Studies that found evidence droughts are growing more prevalent may have overestimated the global drying trend, new research suggests.

In its 2007 report, the Intergovernmental Panel on Climate Change cautioned that "more intense and wider droughts have been observed over wider areas since the 1970s, particularly in the tropics and subtropics," and drew a link among changing drought trends, increasing temperatures and decreasing precipitation.

But a study published yesterday in Nature suggests the IPCC, and the research it drew on, relied on a flawed index that may have overestimated drought activity over the past 60 years.

The work examines the Palmer Drought Severity Index, a formula devised in the 1960s to allocate drought aid to farmers. It estimates drought by calculating the difference between precipitation and soil moisture. Because it requires only basic data -- observations of temperature, precipitation and latitude -- the Palmer index has become a popular tool for scientists, who have used it to extend records of drought into the late 19th century.

Justin Sheffield, a hydroclimatologist at Princeton University, said that simplicity has a downside.

The Palmer index doesn't account for some key influences on evaporation, including radiation at the land surface, humidity and wind speed. That didn't matter for a long time, Sheffield said, because the major factors that affect evaporation -- temperature, radiation, humidity and wind speed -- were changing in concert. And that allowed the Palmer index to produce realistic estimates of drought using only temperature data, assuming that as temperature rises, evaporation increases.

But over the last several decades, the relationship among the factors governing evaporation has begun to unravel.

Old index may be too simple

"We see wind speeds declining, and we see 'global dimming'" -- a drop in the amount of sunlight reaching the Earth's surface -- "which means radiation is going down, at least between the 1960s and 1990s," Sheffield said.

And that means the simplified math of the Palmer index is no longer accurate in many cases.

"What we have been doing is using a more physically realistic model of evaporation that includes changes in these other variables that are important," Sheffield said. "You get a different answer, and a more correct answer, because you are using better physics."

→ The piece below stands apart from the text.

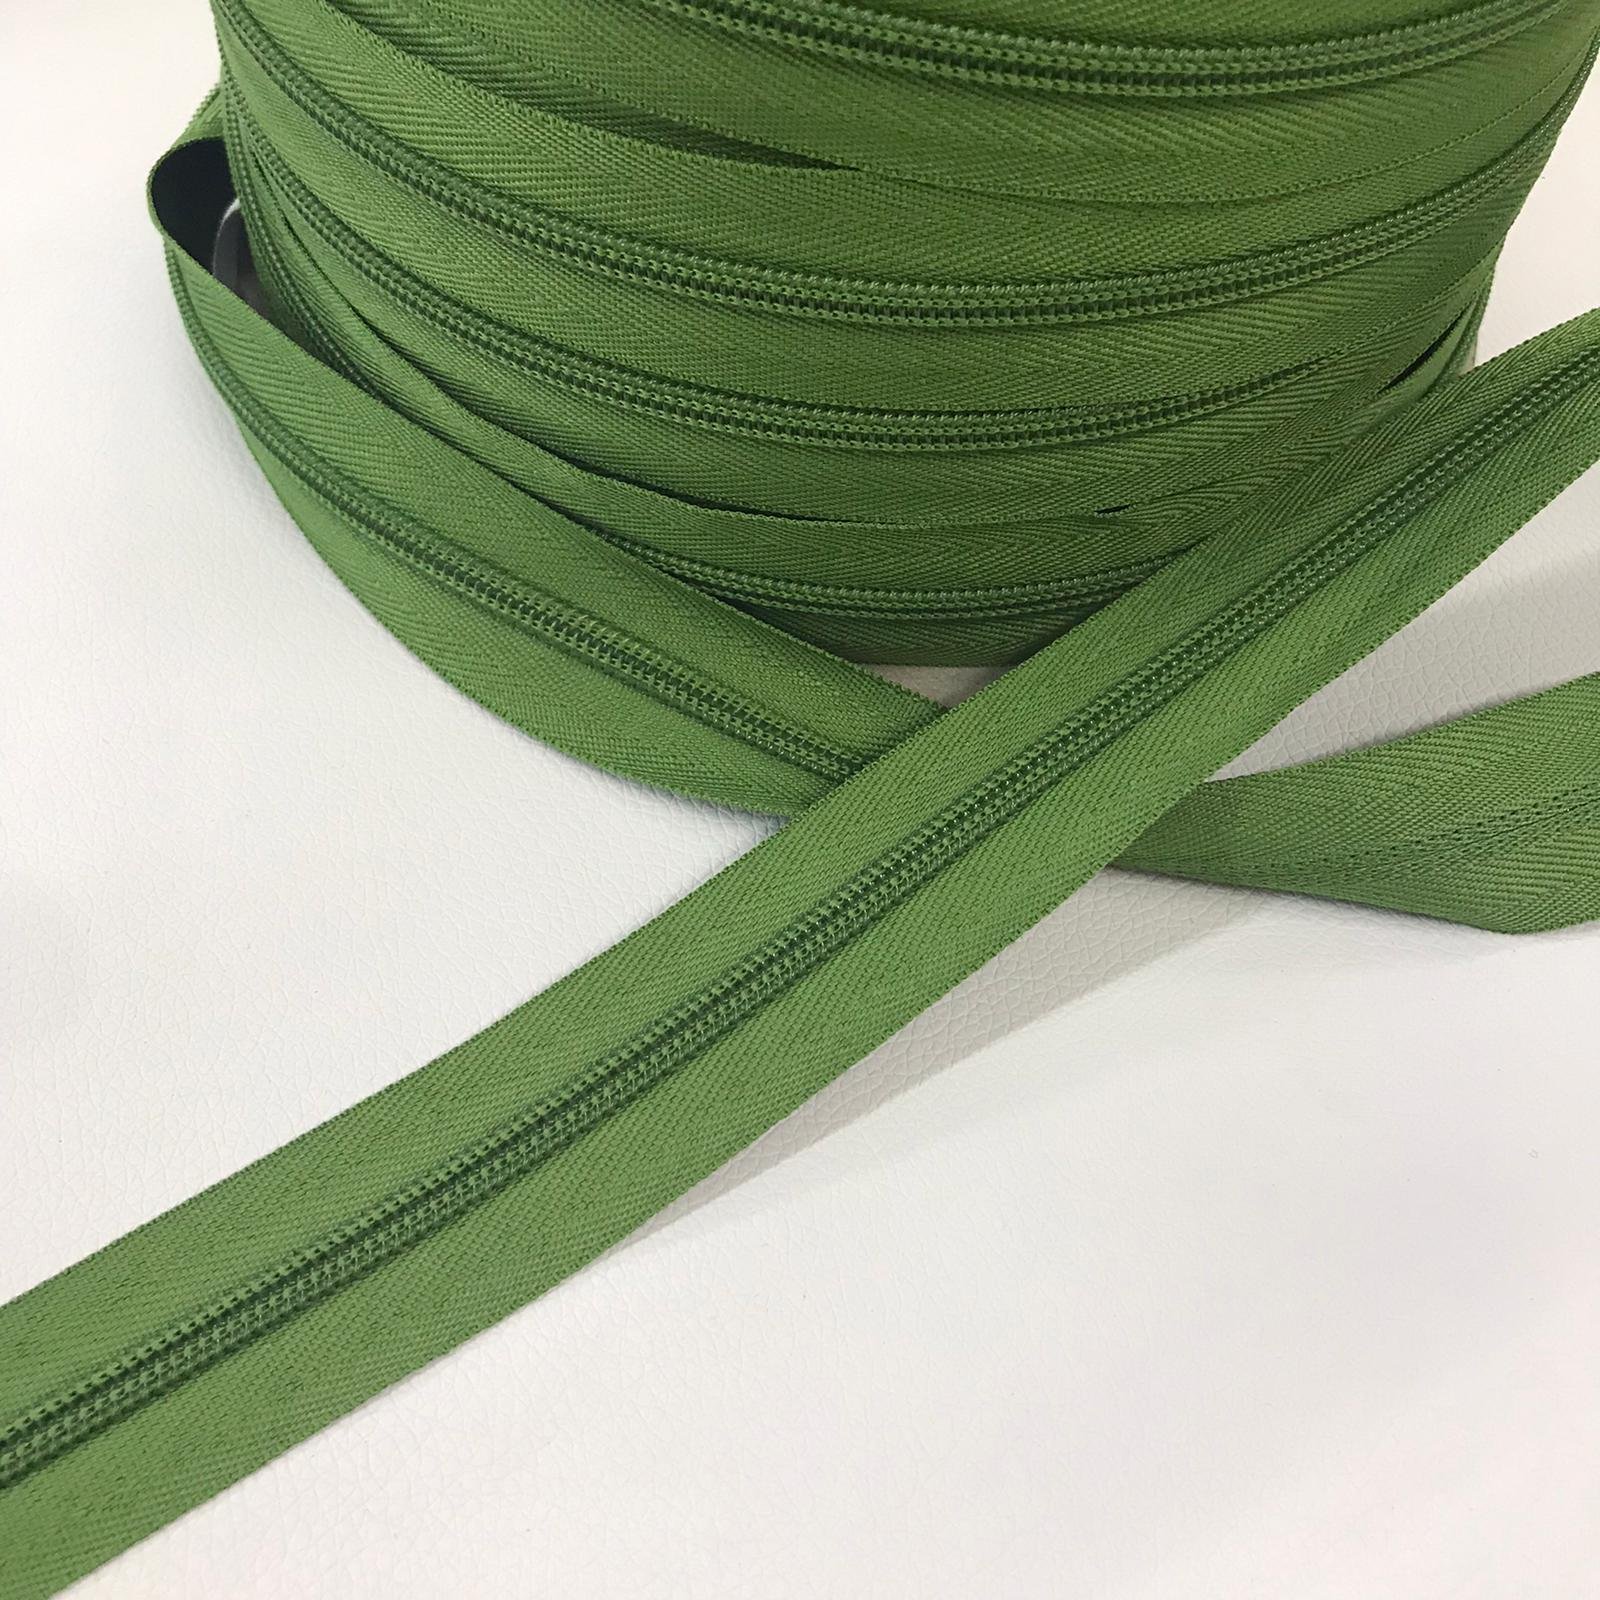 Telpes telas - Cursor cremallera 5mm verde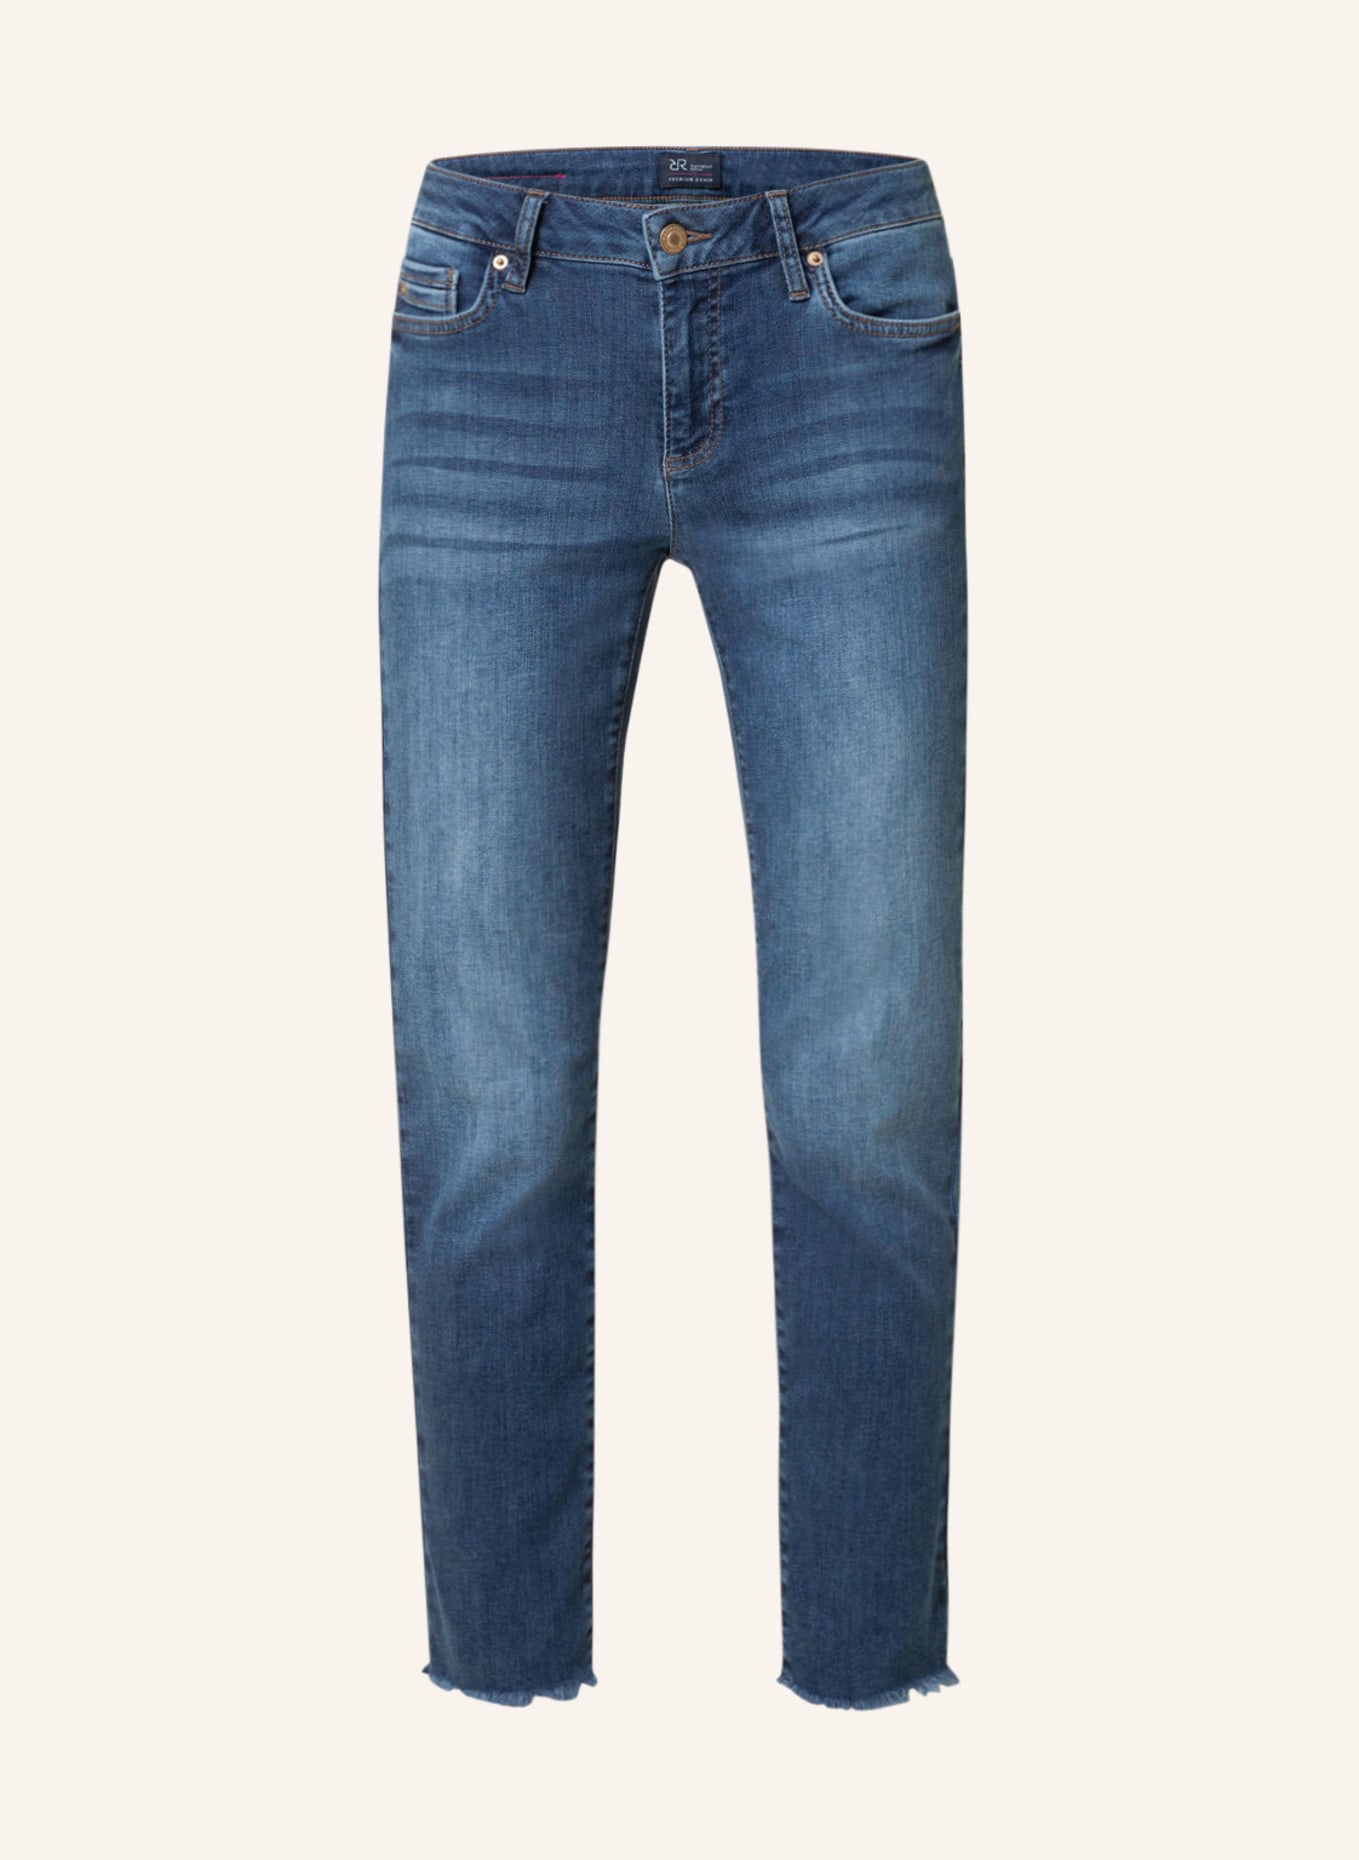 RAFFAELLO ROSSI Jeans JANE, Farbe: 847 jeansblue (Bild 1)

When Sheffield and his colleagues examined global drought severity from 1948 to 2008 using the more complex model, they found little change in global drought trends from 1948 to 2008.

"This study is a bit of a wake-up call that we need better observations, we need better data and we need better models to understand what's happening with drought and other features of the land hydrological cycle," Sheffield said. "It's where we live."

Other experts agreed. Piers Forster, a professor of physical climate change at the University of Leeds, said the research "shows that a much-used previous estimate based only on temperature is flawed."

"In reality, we don't have enough good-enough measurements to determine drought trends accurately," Forster said in a statement to the U.K. Science Media Centre.

Critic finds conclusions too sweeping

But even though the paper finds no global average increase in drought since 1950, scientists are more confident that droughts in Europe, Africa and China have become more severe since then, he said.

Sonia Seneviratne, a climate scientist at the Swiss Federal Institute of Technology in Zurich, said the new study suggests "high uncertainty" in drought trends globally over the past 60 years and "little evidence" of an increase in the area affected by drought.

Furthermore, its "findings imply that there is no necessary correlation between temperature changes and long-term drought variations, which should warn us against using any simplifications regarding their relationship," Seneviratne wrote in a commentary that was also published in Nature.

But Aiguo Dai, a professor at the State University of New York, Albany, said it is "premature to make such definite conclusions about recent drying trends."

In a recent study published in Geophysical Research Letters, Dai evaluated different formulas that attempt to account for evapotranspiration. He found that the Penman-Monteith equation, the formula favored by Sheffield, "only slightly reduces the drying trend" seen in the original Palmer index.

Dai also rejected the idea that Sheffield's conclusions, if true, would affect model projections of future drought using Palmer index values.